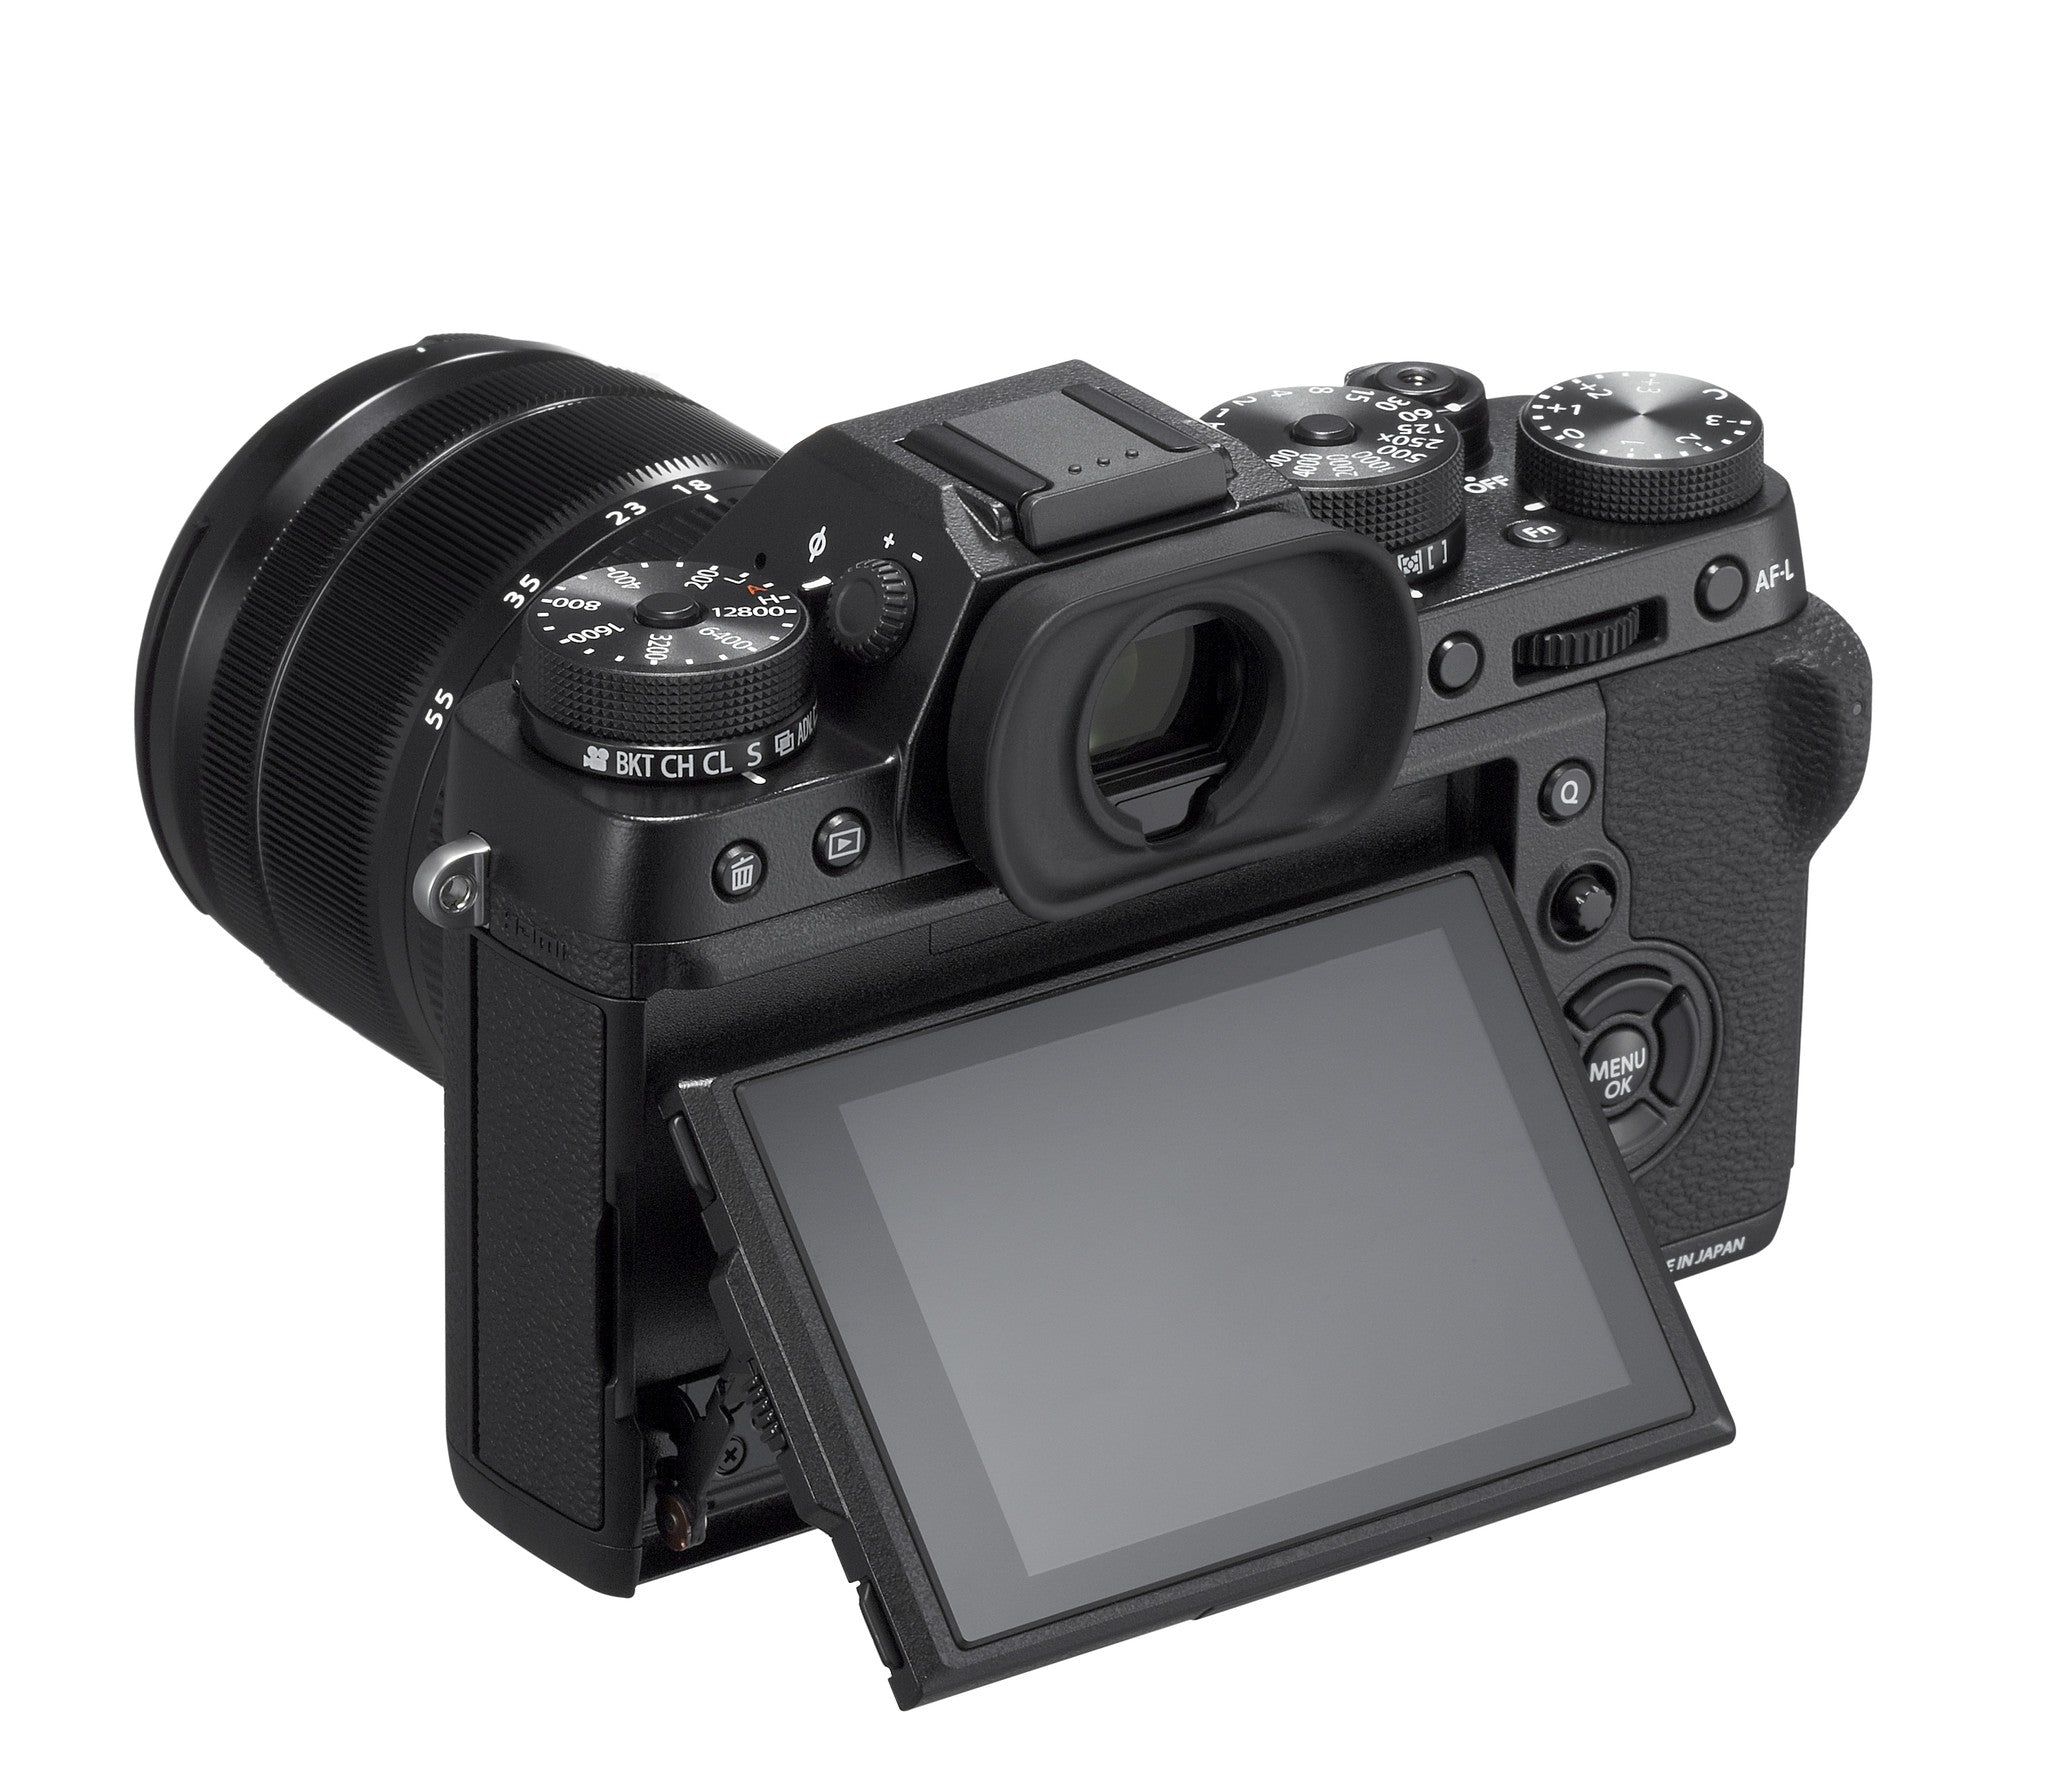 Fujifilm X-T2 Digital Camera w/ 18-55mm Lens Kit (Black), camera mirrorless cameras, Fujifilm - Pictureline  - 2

* * *

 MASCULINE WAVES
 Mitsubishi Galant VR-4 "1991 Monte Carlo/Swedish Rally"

--

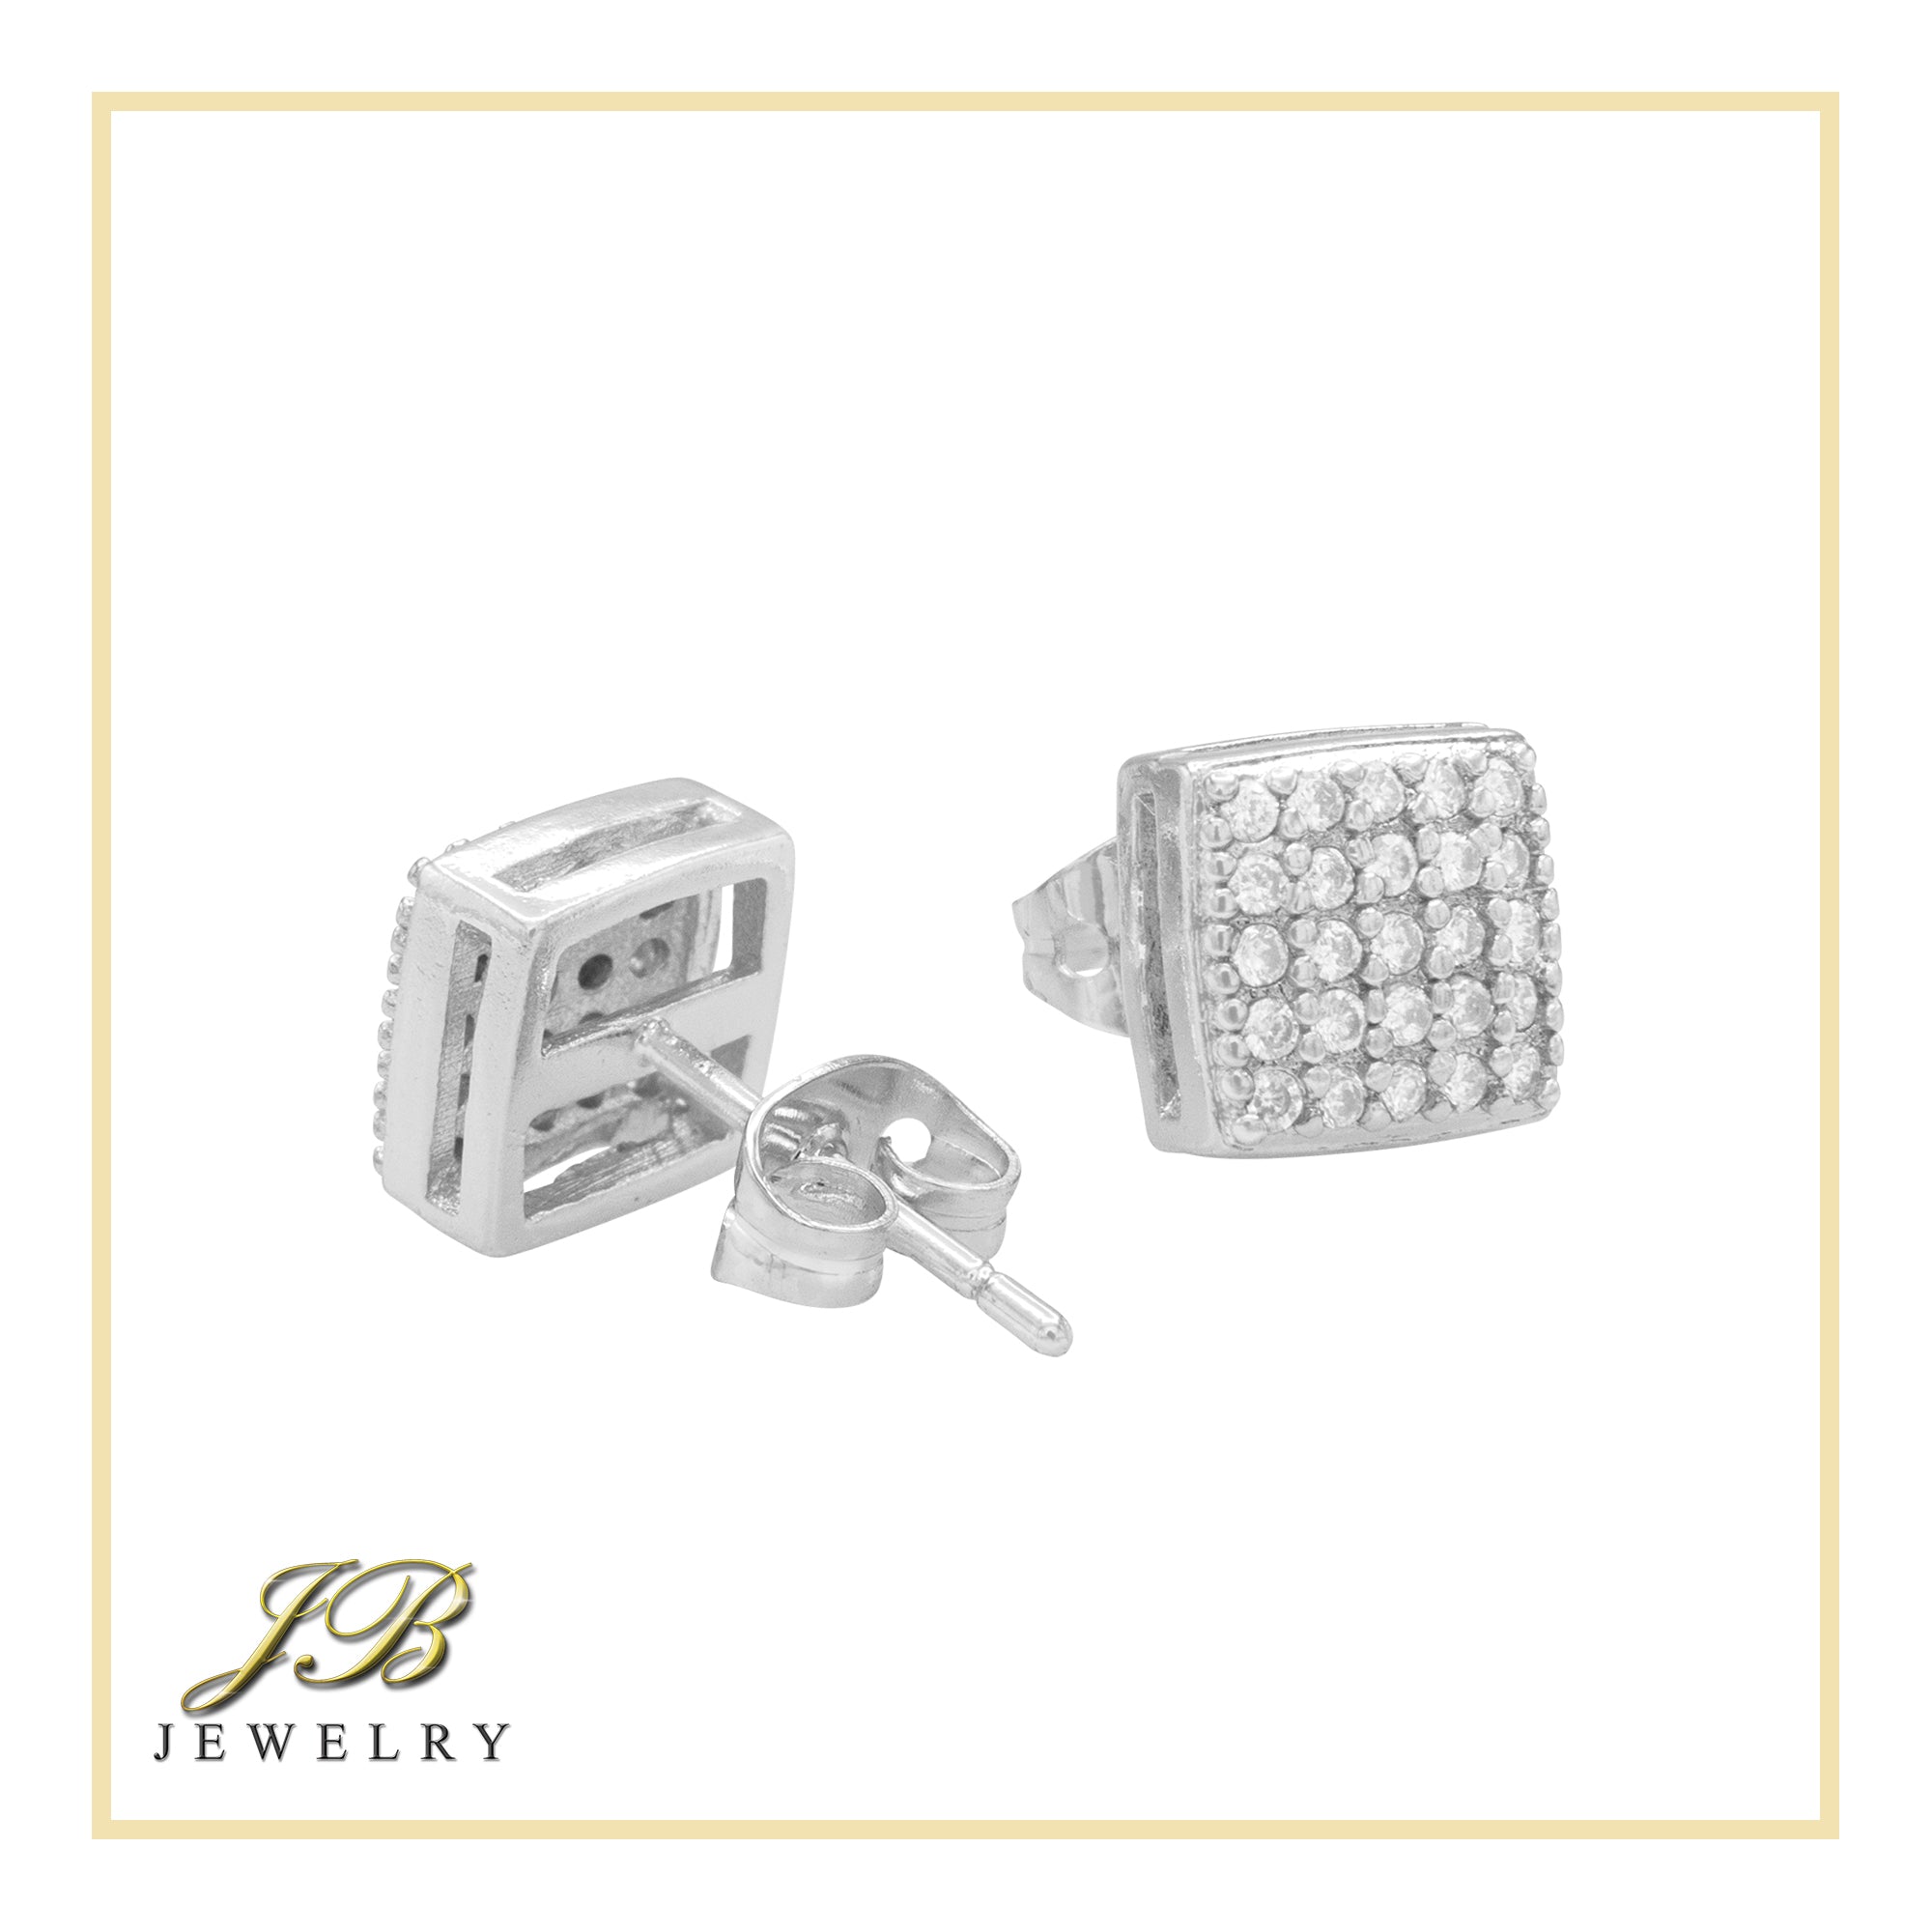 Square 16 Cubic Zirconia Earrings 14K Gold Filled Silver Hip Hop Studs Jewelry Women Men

• **TASK BRIEF**
Repeat exactly the lines above from the one with "MASCULINE WAVES" up to and including the one with "Mitsubishi Galant VR-4". No other line belongs in the reply.

• **EXPECTED ANSWER**
 MASCULINE WAVES
 Mitsubishi Galant VR-4 "1991 Monte Carlo/Swedish Rally"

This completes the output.